He said that the Ten Commandments were only included because of their historical value, arguing that their influence on the other documents is a matter of historical, not religious, import. “I just can’t see how you could explain a Constitution – why it was written the way it was written — without understanding why those men wrote it the way they wrote it,” he said. “I feel like taking that document out, if that document wasn’t there to guide them, then our Constitution wouldn’t be what it is today.”

And we totally see his point, because of course the Constitution of full of stuff about honoring the Lord's day (Article Sunday, Section Go to Church), not having false gods (the Eleventeenth Amendment), and not coveting your neighbor's goods or wife, though coveting your neighbor himself is still working its way through the courts.

We also think his explanation of "not religious" is a thing of self-contradictory beauty:

“The Ten Commandments is a historical document and it has nothing to do with religion,” he continued. “It shows that these founders had great beliefs in God and the Ten Commandments and His Word and it helped them get to the point where they were. Their feeling was God helped them build the Constitution and the Declaration of Independence. If you read all of the writings of John Adams, Patrick Henry, James Madison, Thomas Jefferson, John Jay, they speak about how that was their foundation that helped them interpret and write a great Constitution.”

We certainly remember from our college history classes reading about the debates in Philadelphia, when the delegates to the Constitutional Convention would look first at the draft text of the document, and then at the Ten Commandments, and how they made sure the two were in synch. Or maybe it was stuff from Greece and Rome that they liked; like Guffey, we slept a lot in that class. And how the delegates completely ignored Benjamin Franklin's proposal to hire a chaplain whose prayers would guide them to wise decisions.

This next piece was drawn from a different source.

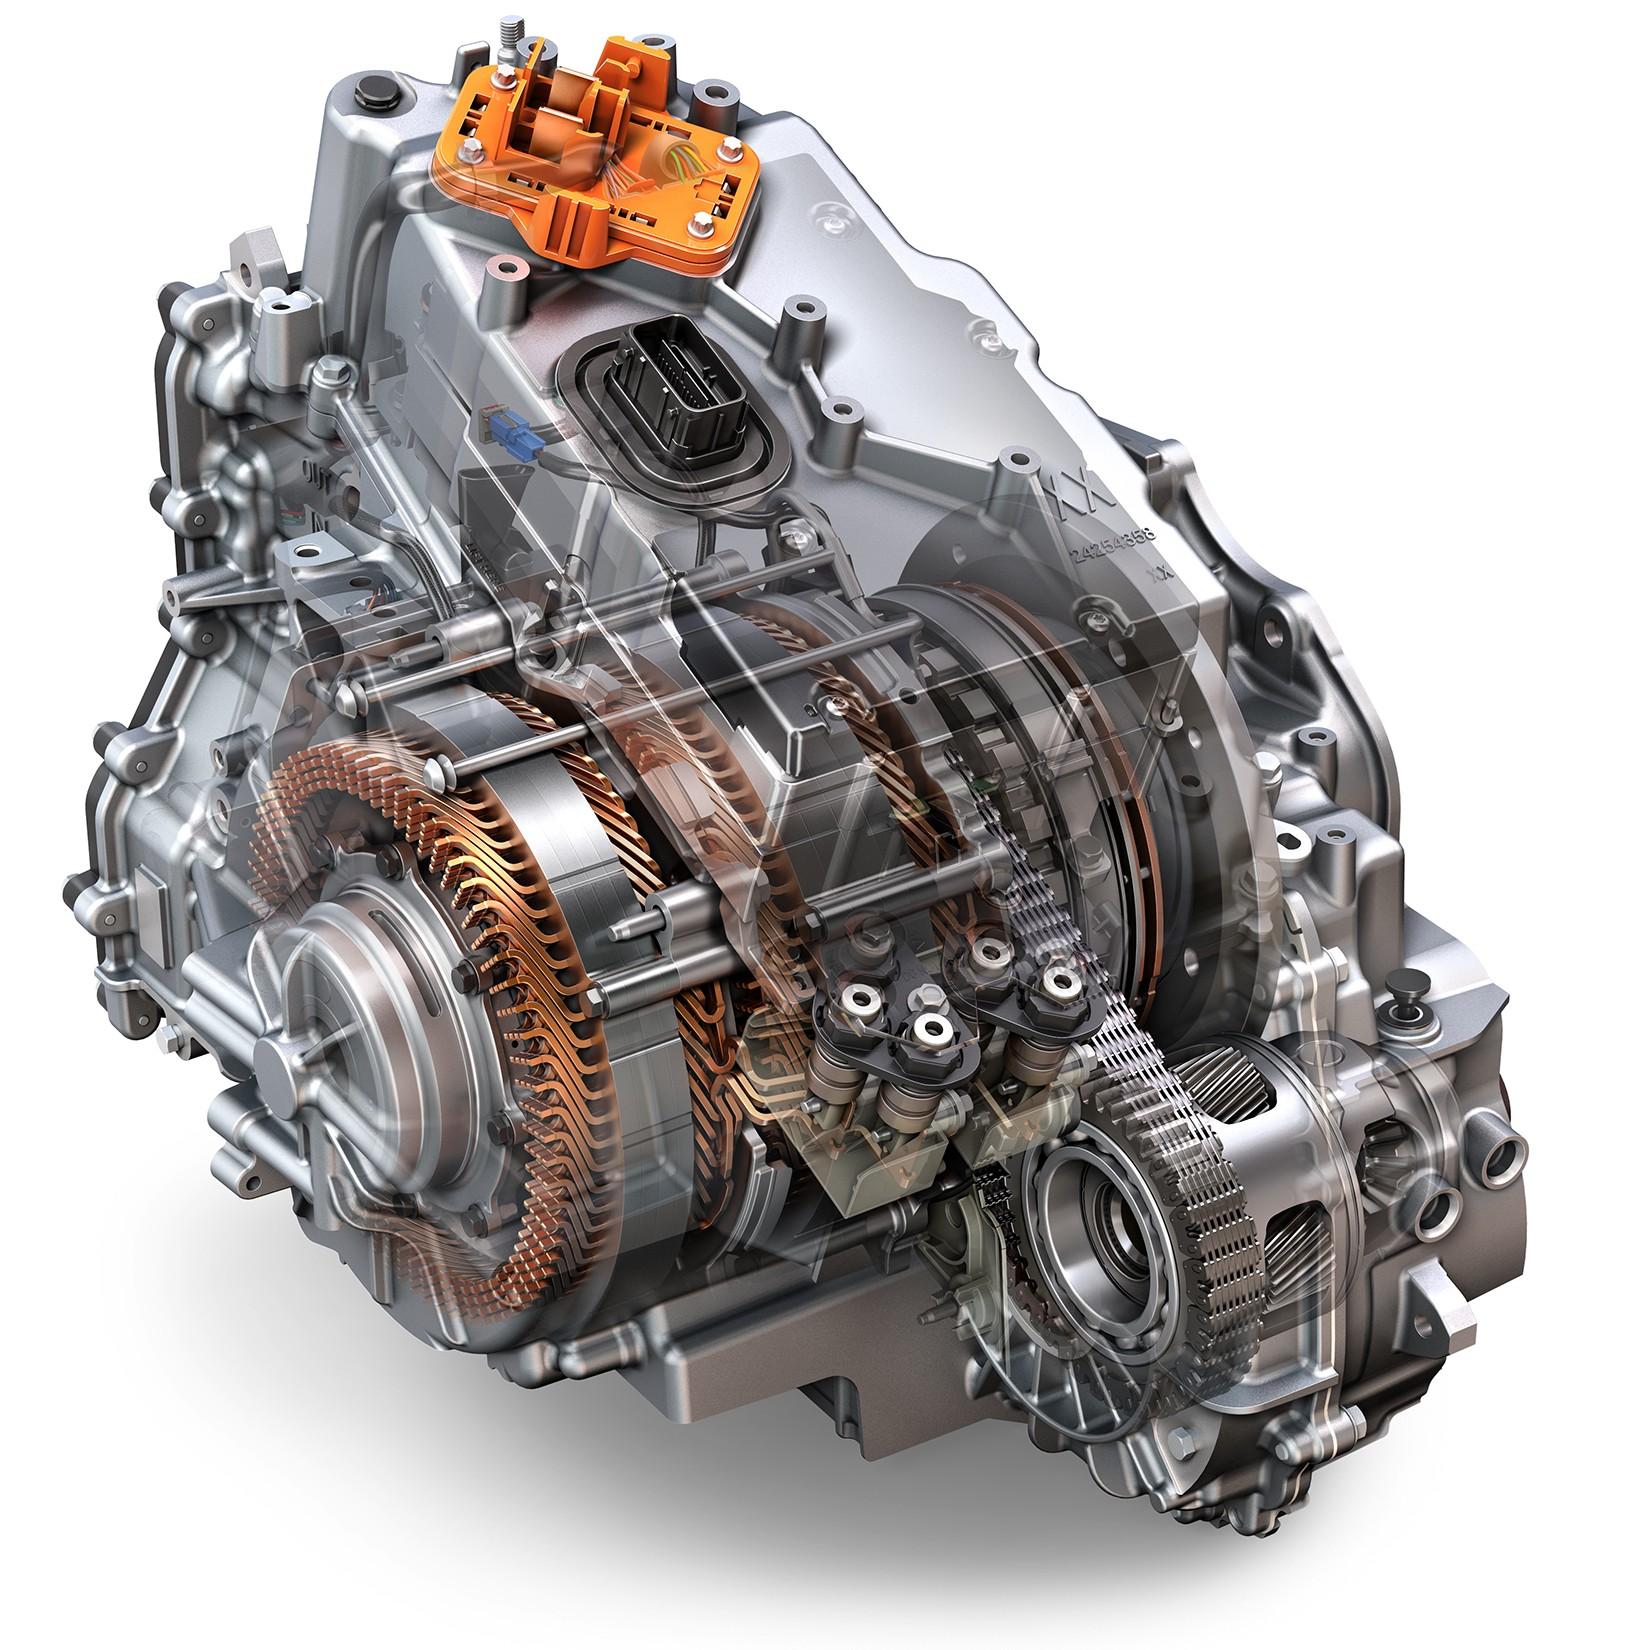 Next Generation Chevrolet Volt Gets 1 5 Litre Range

And heaven knows Guffey isn't motivated by religion -- we're guessing he's one of those Christians who think that "religion" only applies to the doctrines of a specific denomination, while "Christianity" and "God" are just true things, not "religious" stuff, which would only apply to specific bits of Catholic or Baptist doctrine. Also, he's simply trying to correct for the sad miseducation of our children, who are deprived of studying the Ten Commandments in school, thanks to that Constitution thingy he thinks is so nifty:

"I just can't see how you could explain a Constitution -- why it was written the way it was written -- without understanding why those men wrote it the way they wrote it," Guffey said. "They don't teach this at school anymore and a person would have to go back and research and study each one of those men's writings to find out that that's what established them. That's what gave them the inspiration to read the greatest Constitution this world has ever seen.

Obviously, they don't do a very good job of teaching the origins of the Constitution in schools anymore, if grown up legislators think that the Ten Commandments were a greater influence than the works of classical and Enlightenment philosophers. Then again, it would be a lot cheaper to get the Ten Commandments inscribed in granite than, say, Hobbes's Leviathan.

We're actually hoping that Mr. Guffey is successful in pushing this through, though -- if only to see what those trolls at The Satanic Temple come up with in response.

[AL.com via RawStory]

Doktor Zoom

Doktor Zoom's real name is Marty Kelley, and he lives in the wilds of Boise, Idaho. He is not a medical doctor, but does have a real PhD in Rhetoric. You should definitely donate some money to this little mommyblog where he has finally found acceptance and cat pictures. He is on maternity leave until 2033. Here is his Twitter, also. His quest to avoid prolixity is not going so great.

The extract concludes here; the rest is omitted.